Supplied data:
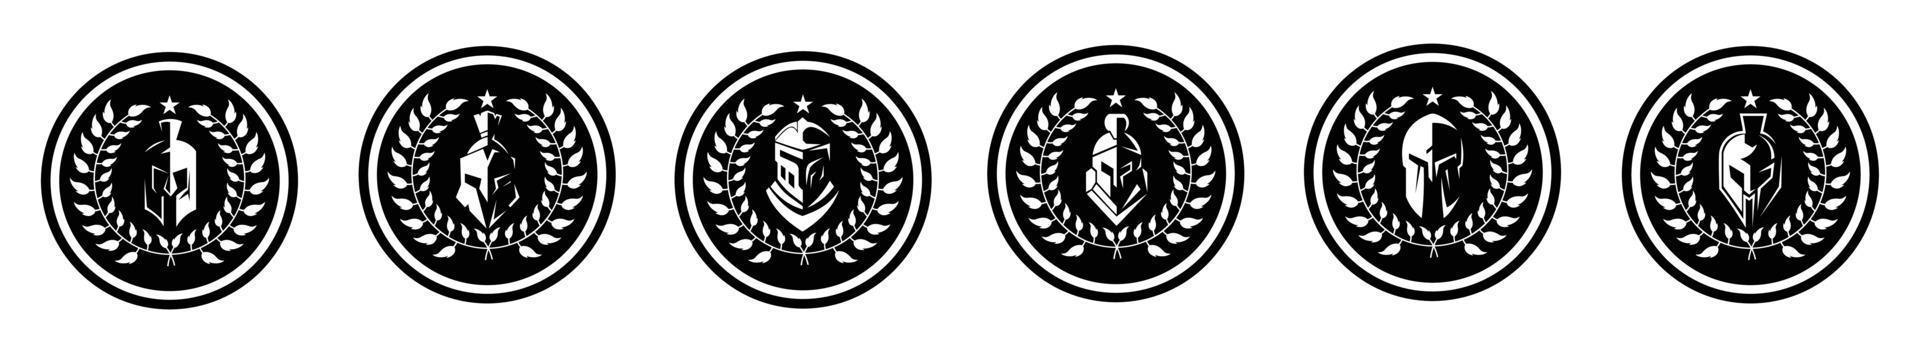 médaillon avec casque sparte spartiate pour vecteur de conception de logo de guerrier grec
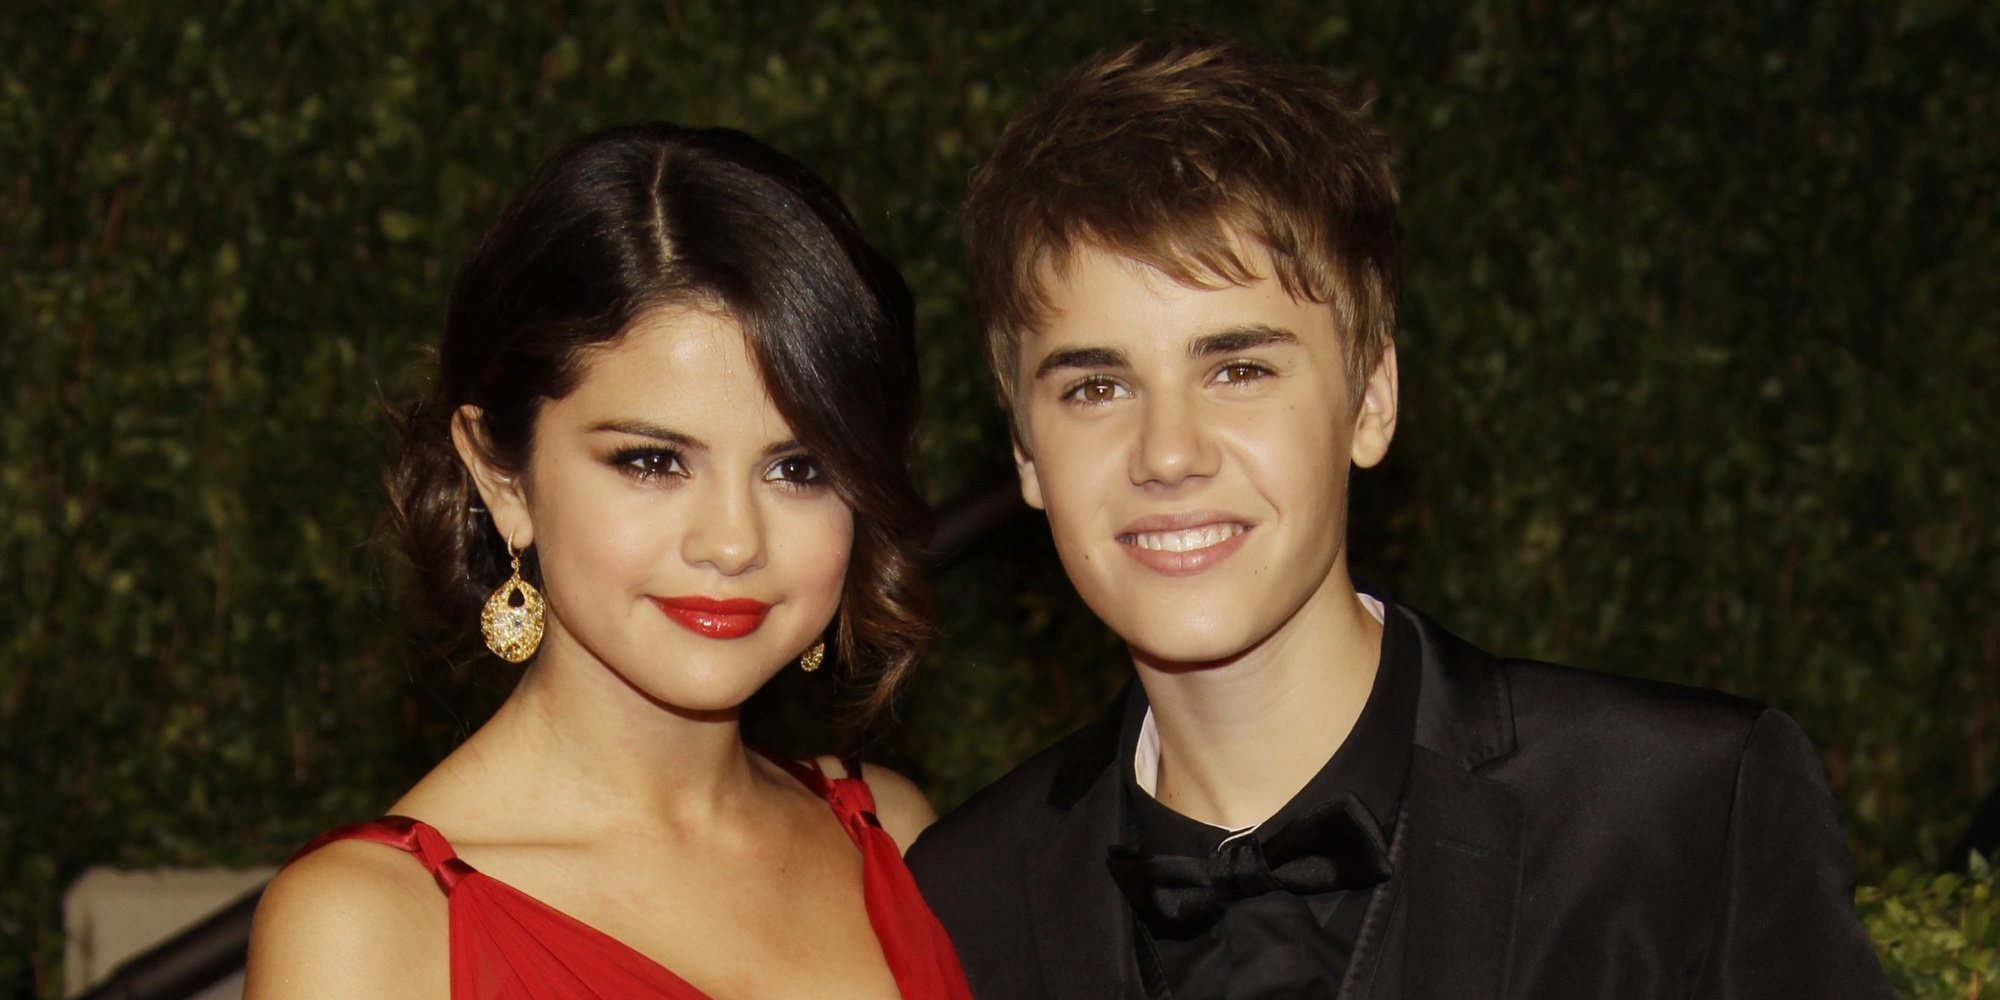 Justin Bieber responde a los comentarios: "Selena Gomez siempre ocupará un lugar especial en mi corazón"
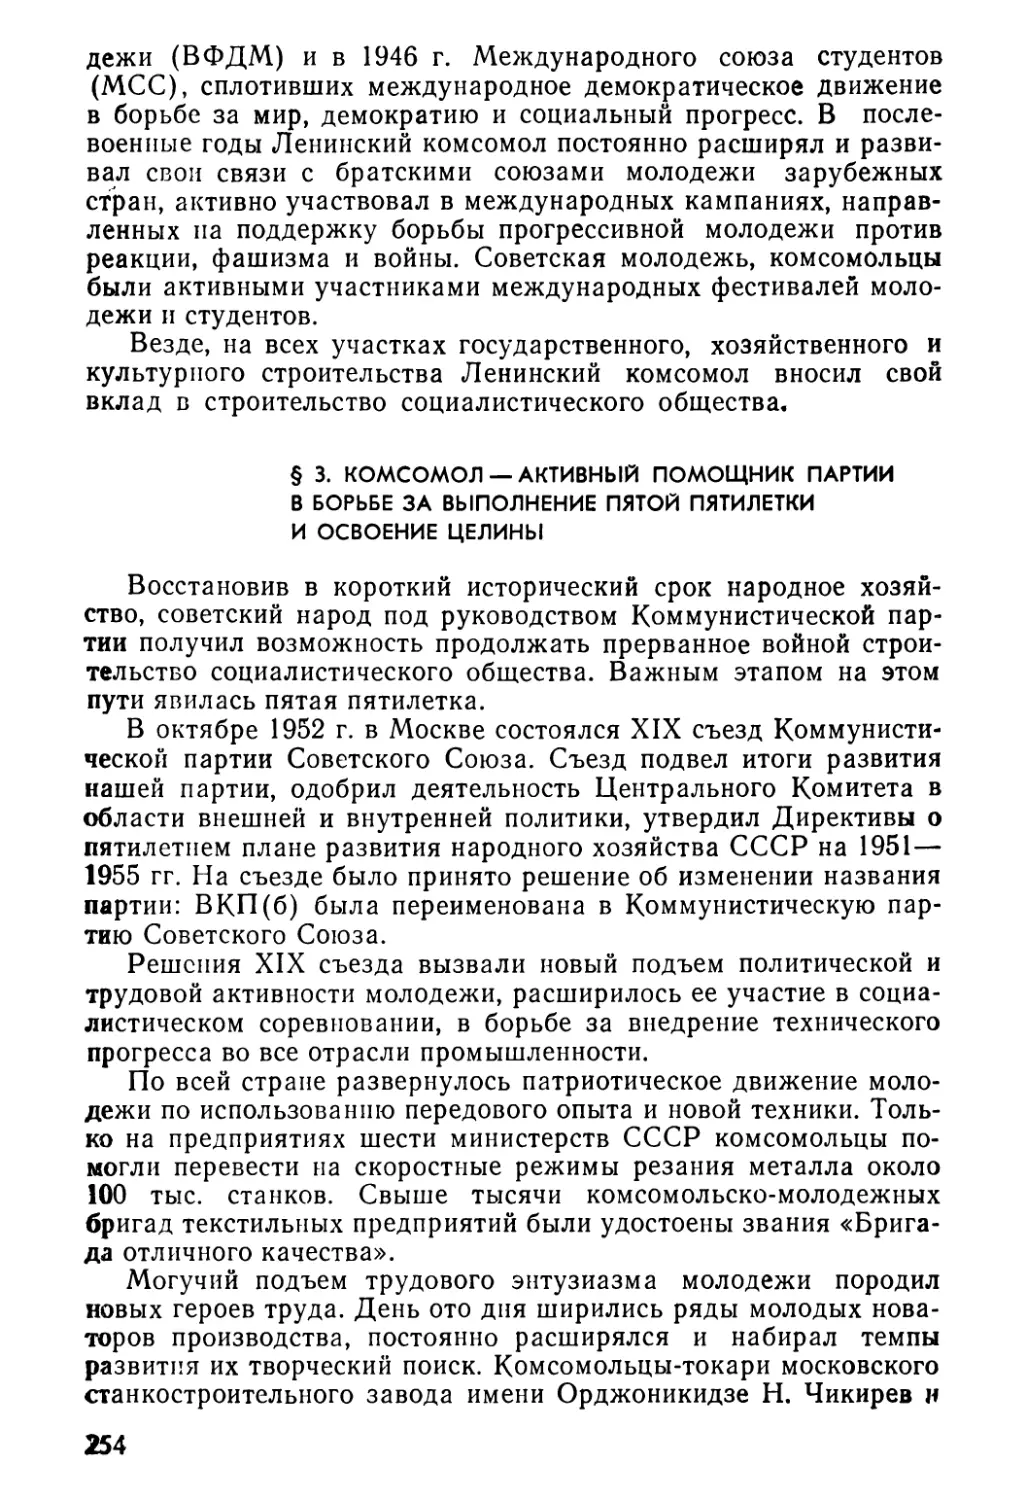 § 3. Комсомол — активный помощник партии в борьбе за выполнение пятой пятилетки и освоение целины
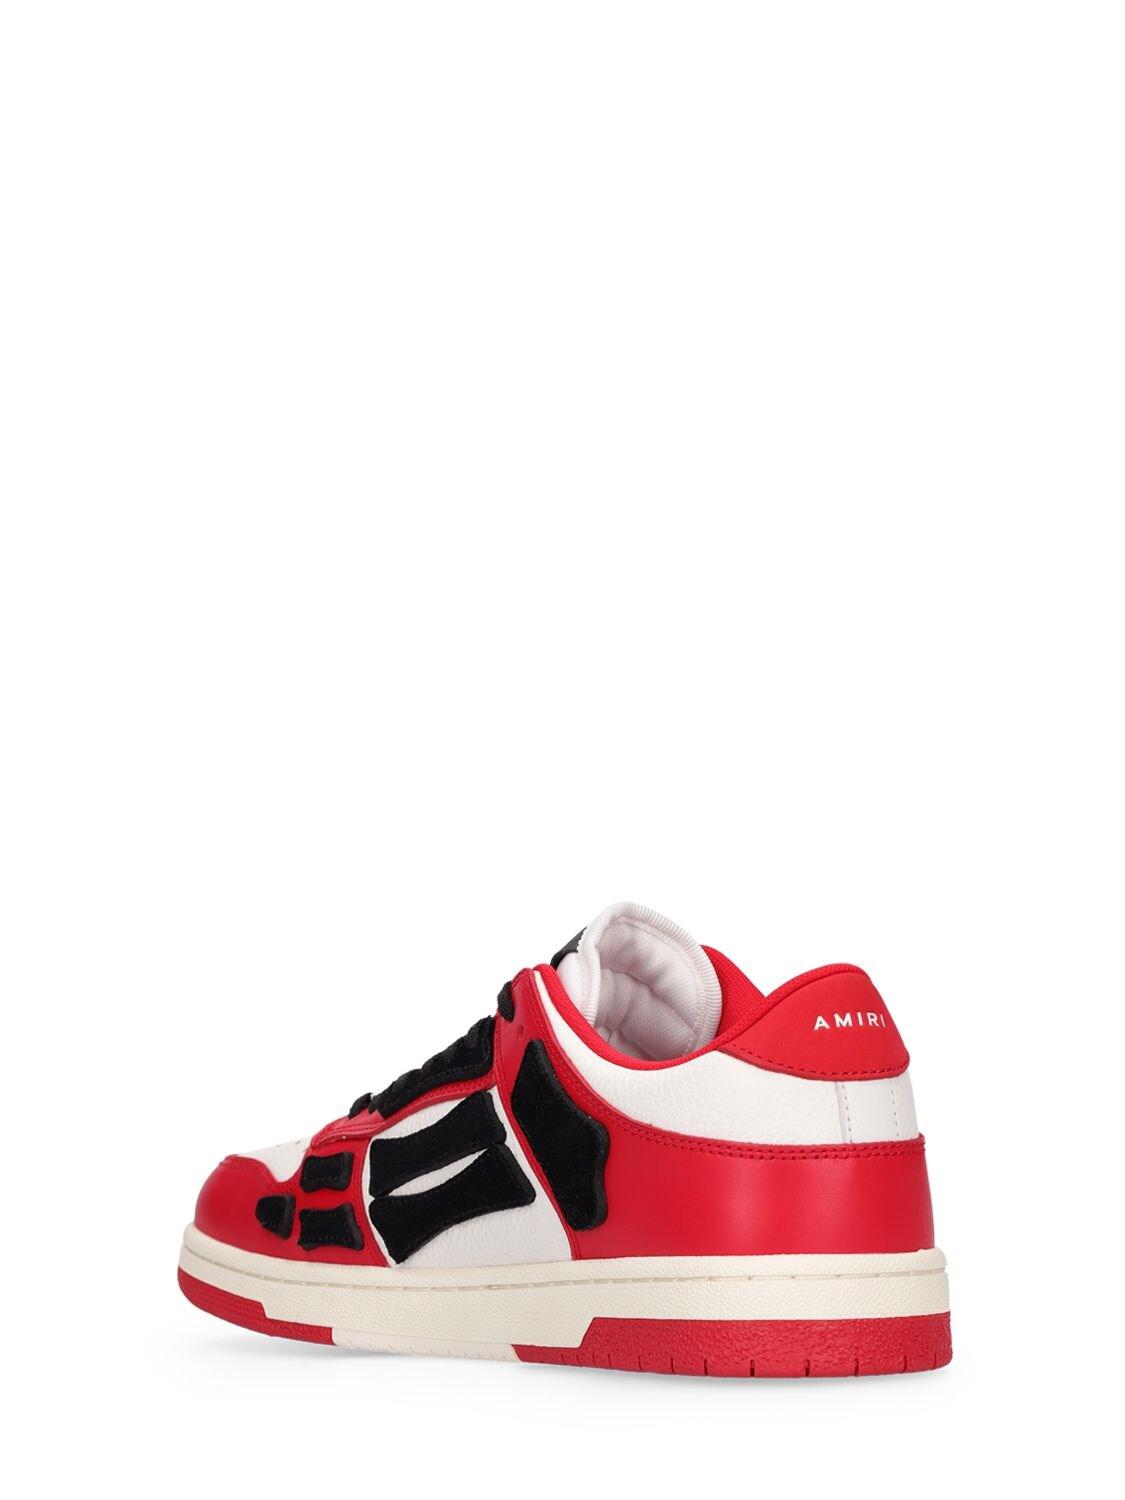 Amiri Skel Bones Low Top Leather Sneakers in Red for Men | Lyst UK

Exercise: Reproduce every line of the data above, exactly as it stands, but not the pictures.

Answer to the problem:
 médaillon avec casque sparte spartiate pour vecteur de conception de logo de guerrier grec
 Justin Bieber responde a los comentarios: "Selena Gomez siempre ocupará un lugar especial en mi corazón"
 § 3. Комсомол — активный помощник партии в борьбе за выполнение пятой пятилетки и освоение целины
 Amiri Skel Bones Low Top Leather Sneakers in Red for Men | Lyst UK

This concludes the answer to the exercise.